Dataset extract >>
══════
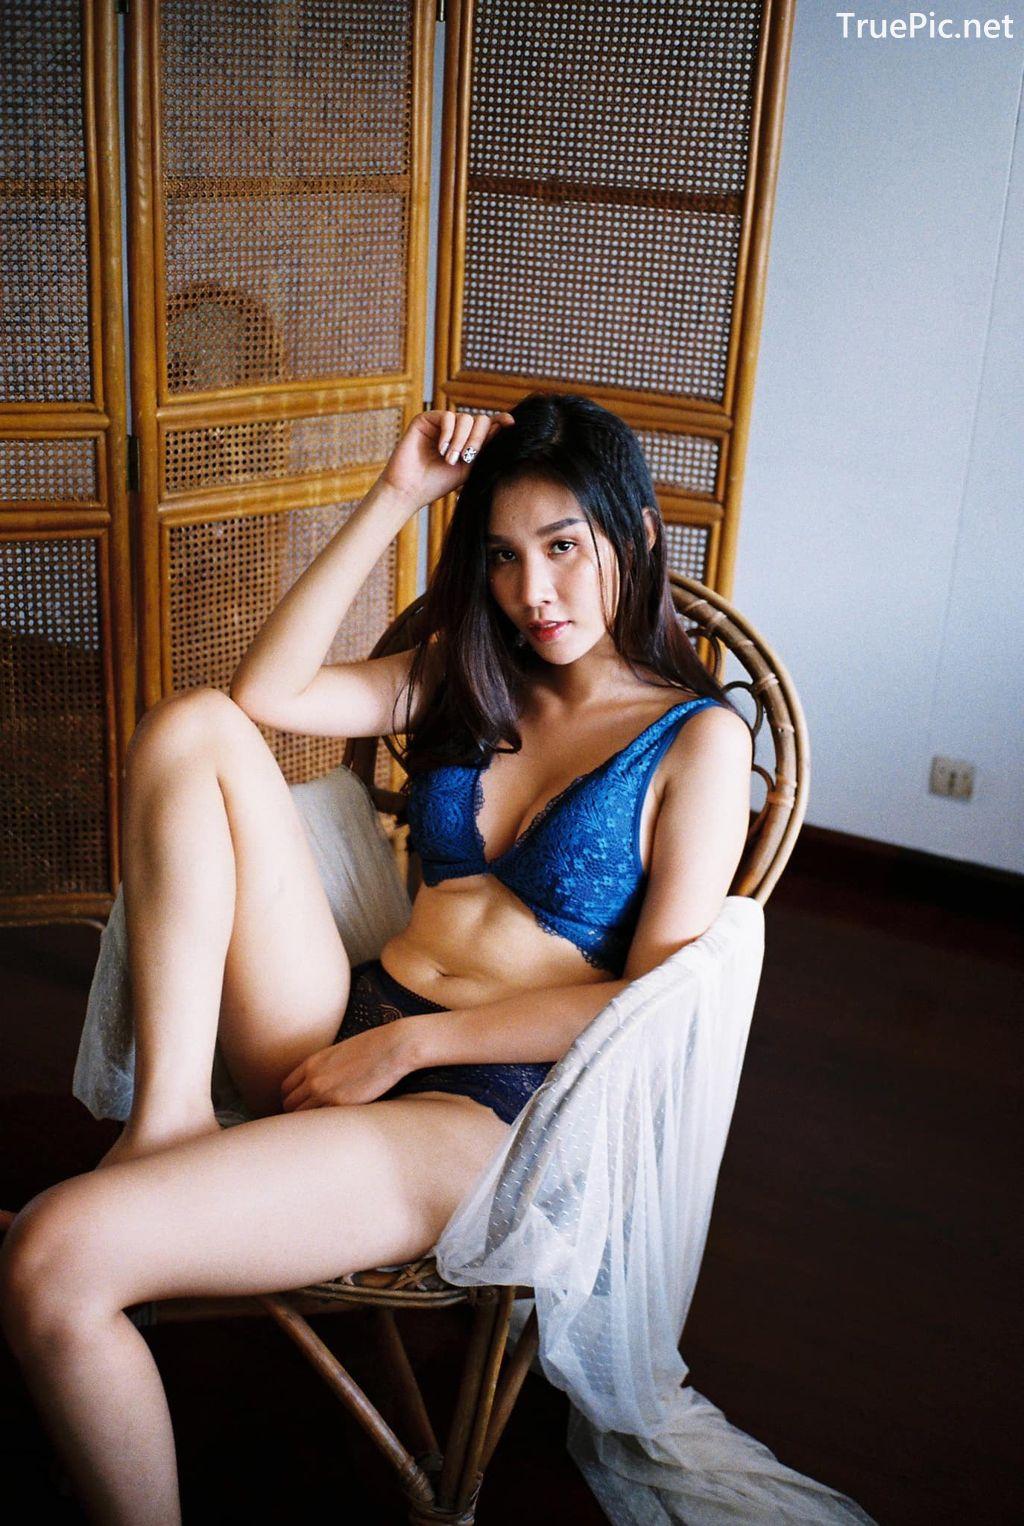 Image-Thailand-Model-Ssomch-Tanass-Blue-Lingerie-TruePic.net-TruePic.net- Picture-23
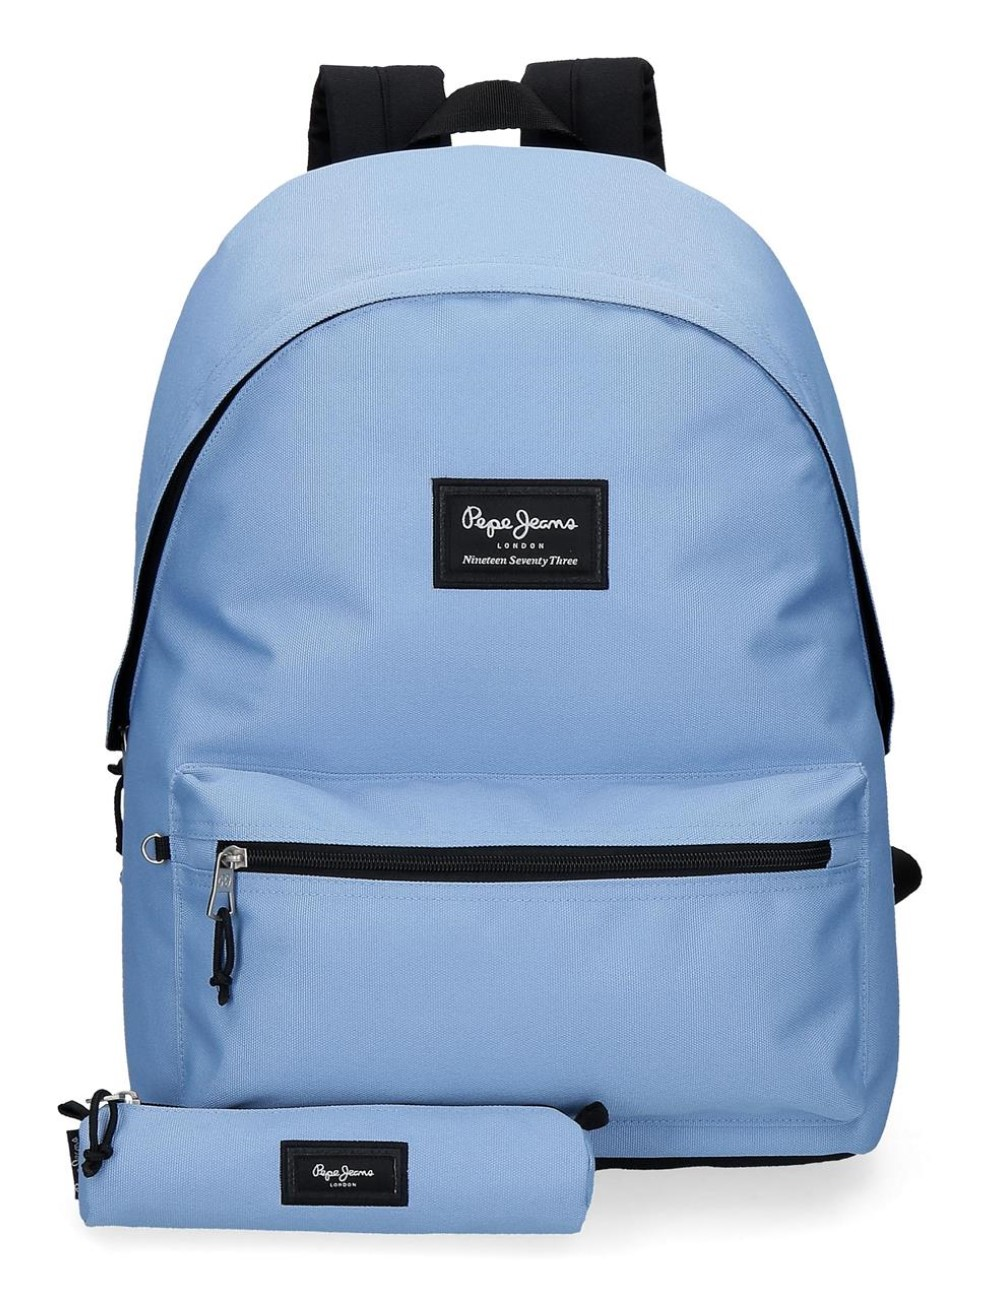 Mochila Un Compartimento Portaordenador + Portatodo Pepe Jeans Colorful azul 6329225
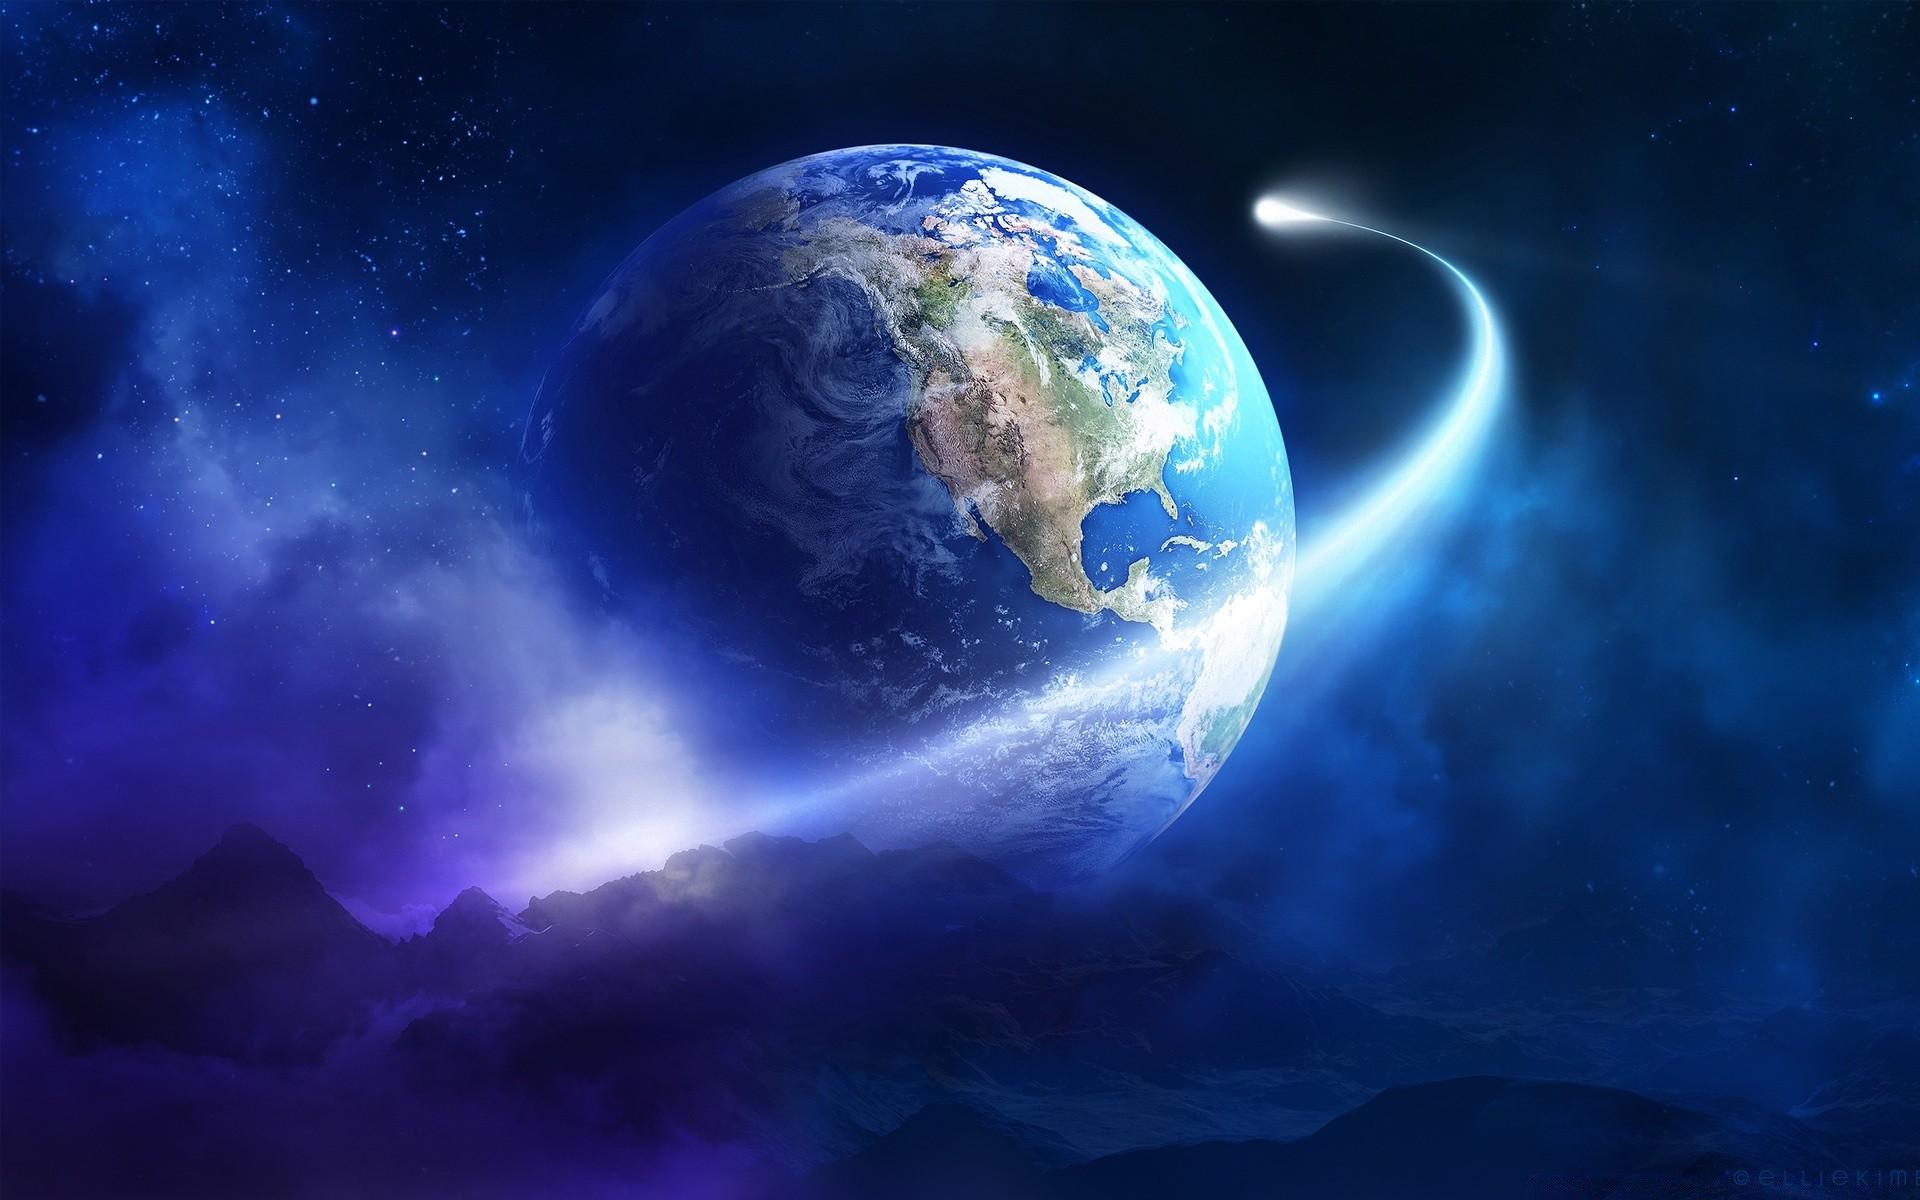 Открытка 9-я планета, букеты марта картинки
══════
Please return the listing above exactly and leave every picture out.

 Image-Thailand-Model-Ssomch-Tanass-Blue-Lingerie-TruePic.net-TruePic.net- Picture-23
 Mochila Un Compartimento Portaordenador + Portatodo Pepe Jeans Colorful azul 6329225
 Открытка 9-я планета, букеты марта картинки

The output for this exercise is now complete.